An ideal simple pendulum consists of a heavy point mass body suspended by a weightless, inextensible
and perfectly flexible string from rigid support about which it is free to oscillate.

  • The time period of oscillation of simple pendulum (T)-

When the bob is displaced to position B, through a small angle from the vertical as shown in the below figure.

   

Then Bob will perform SHM and its time period is given as

     T=2\pi \sqrt{\frac{l}{g}}

where 

m=mass of the bob 

l = length of pendulum 

g = acceleration due to gravity.

  • key points

1. The time period of a simple pendulum is independent of the mass of the bob.

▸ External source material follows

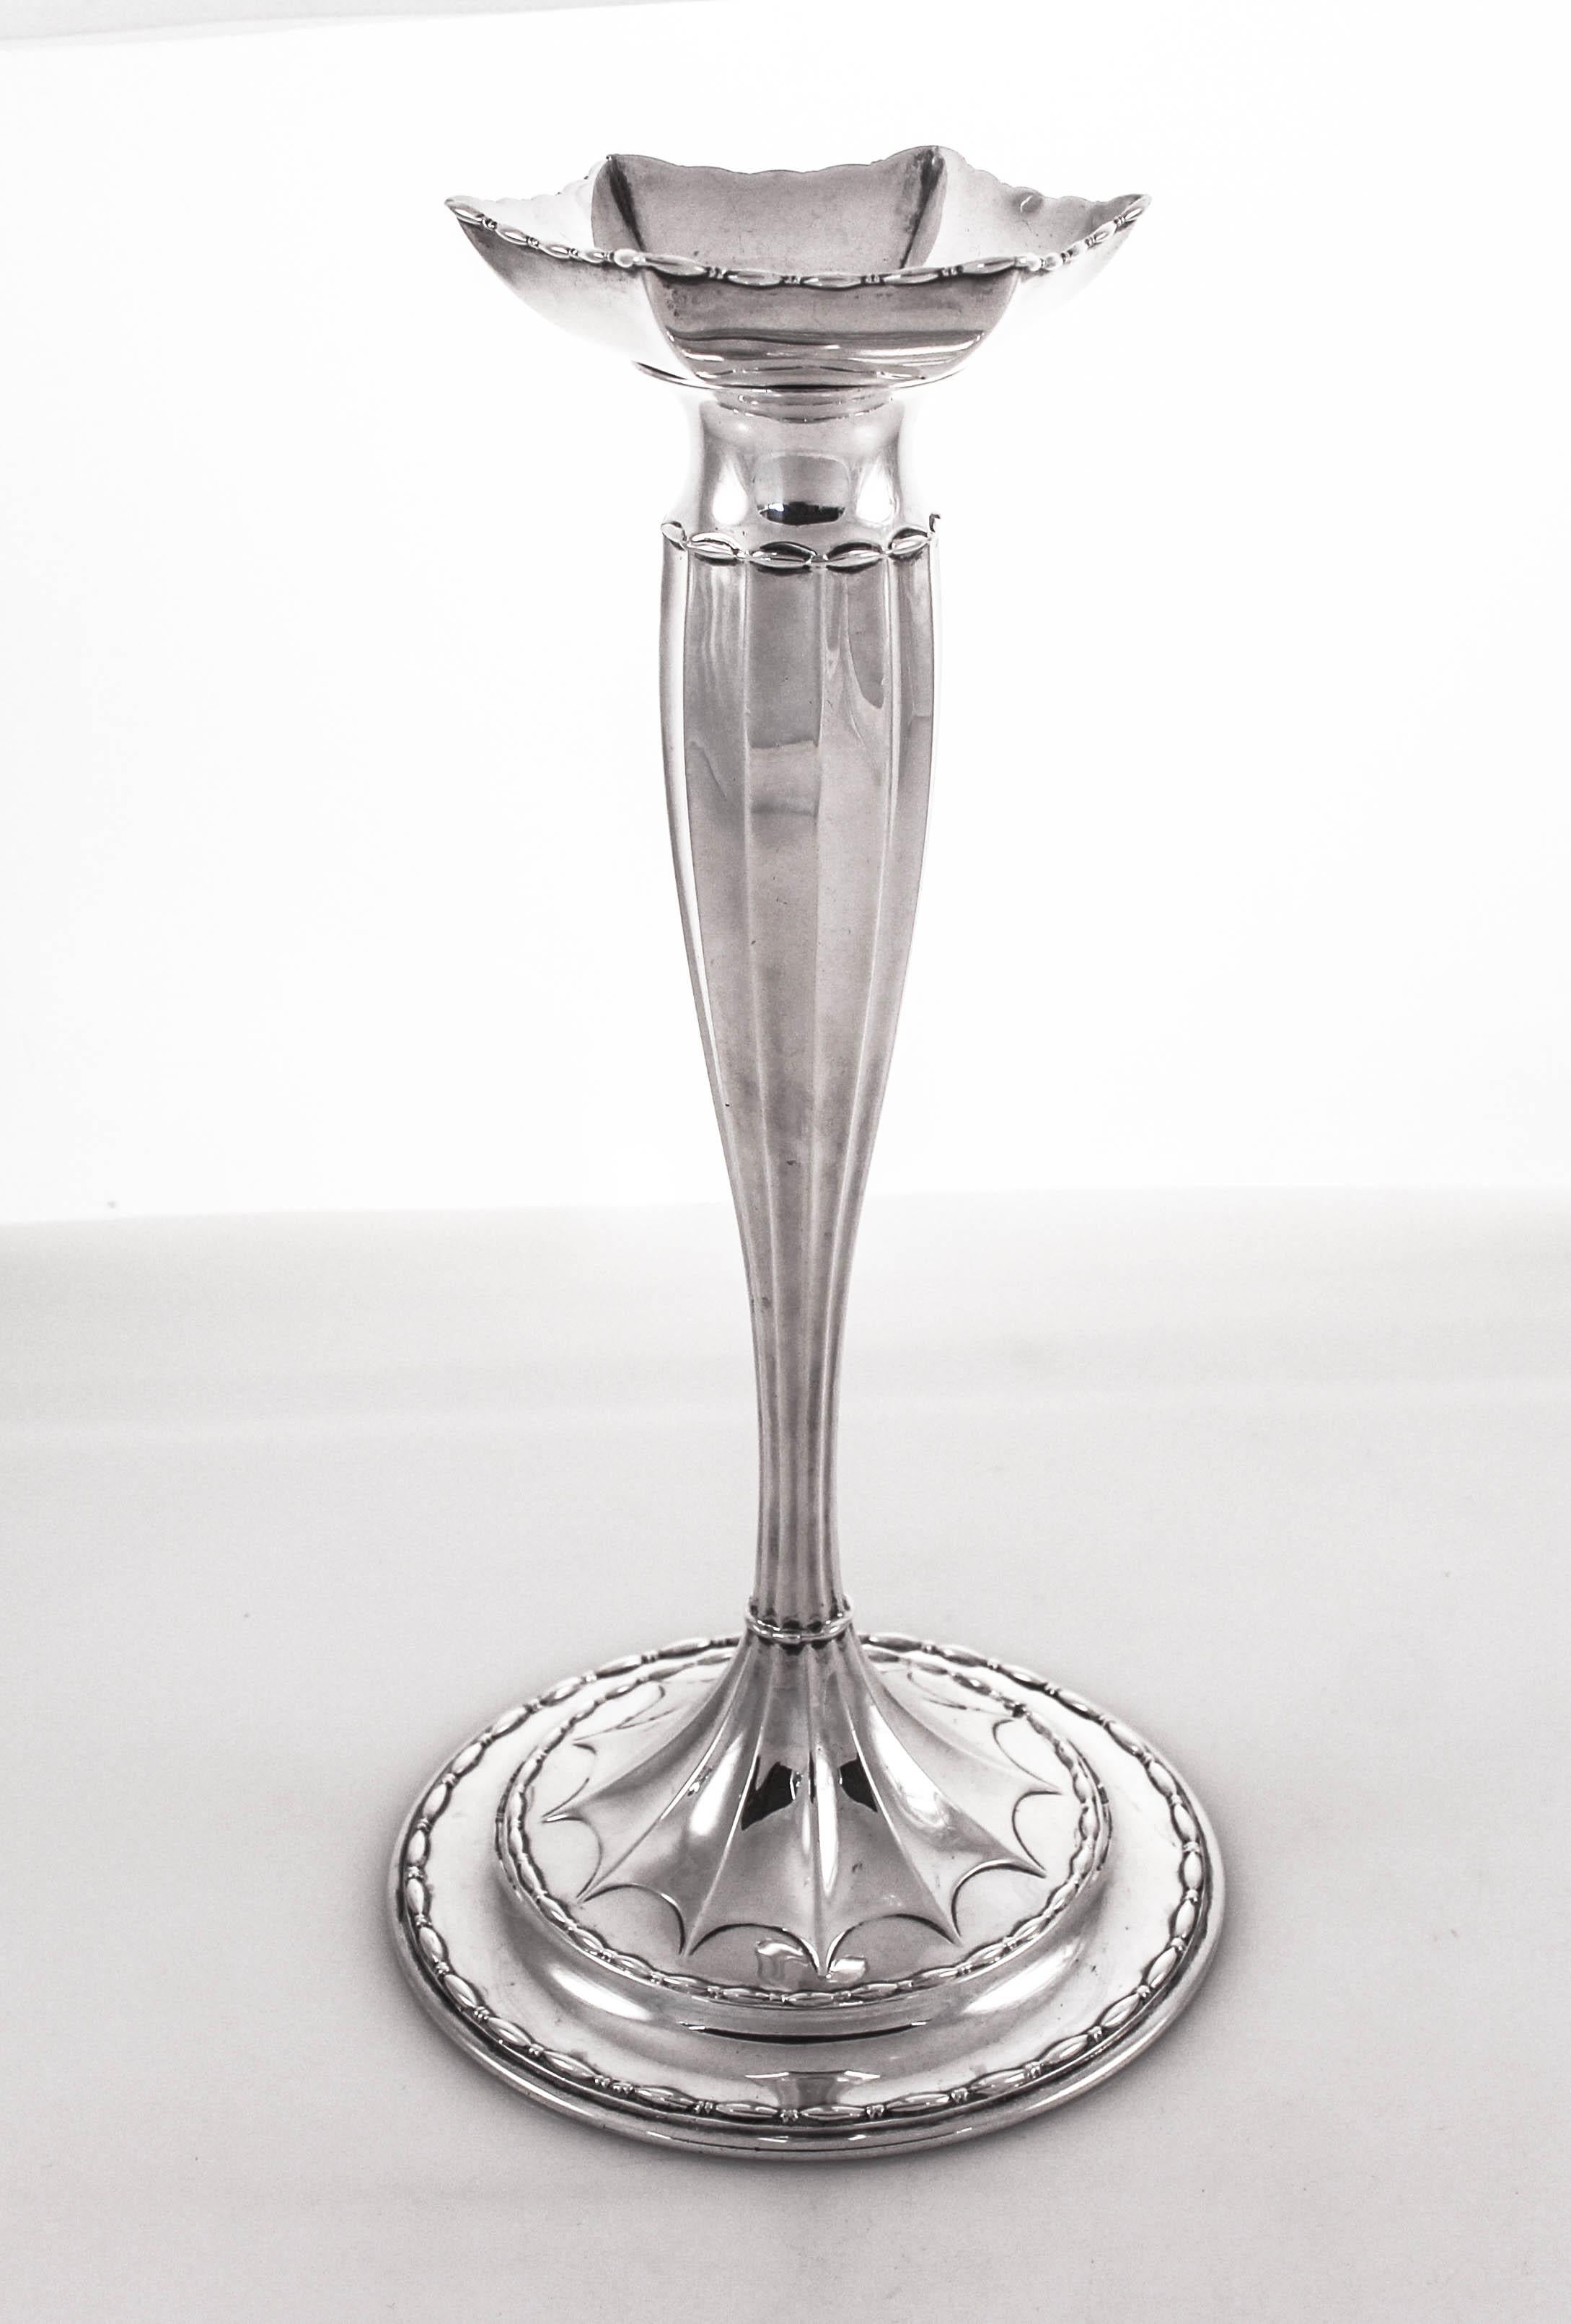 We are proud to offer this pair of sterling silver candlesticks by Tiffany and CO. They have a tapered shape with a round not weighted base. The bobeche has a hexagon shape and is removable. Around the base a web-like pattern compliments the

I.e If the solid bob is replaced by a hollow sphere of the same radius but different mass, the time period remains
unchanged.

2.   T \ \alpha \ \sqrt{l}
 where l is the distance between the point of suspension and center of mass of bob and is called effective length.

3. The period of a simple pendulum is independent of amplitude as long as its motion is simple harmonic.

 

           

Oscillation of Pendulum in different situations-part 1

Pendulum in a lift

1.The time period of a simple pendulum , If the lift is at rest or moving downward /upward with constant velocity.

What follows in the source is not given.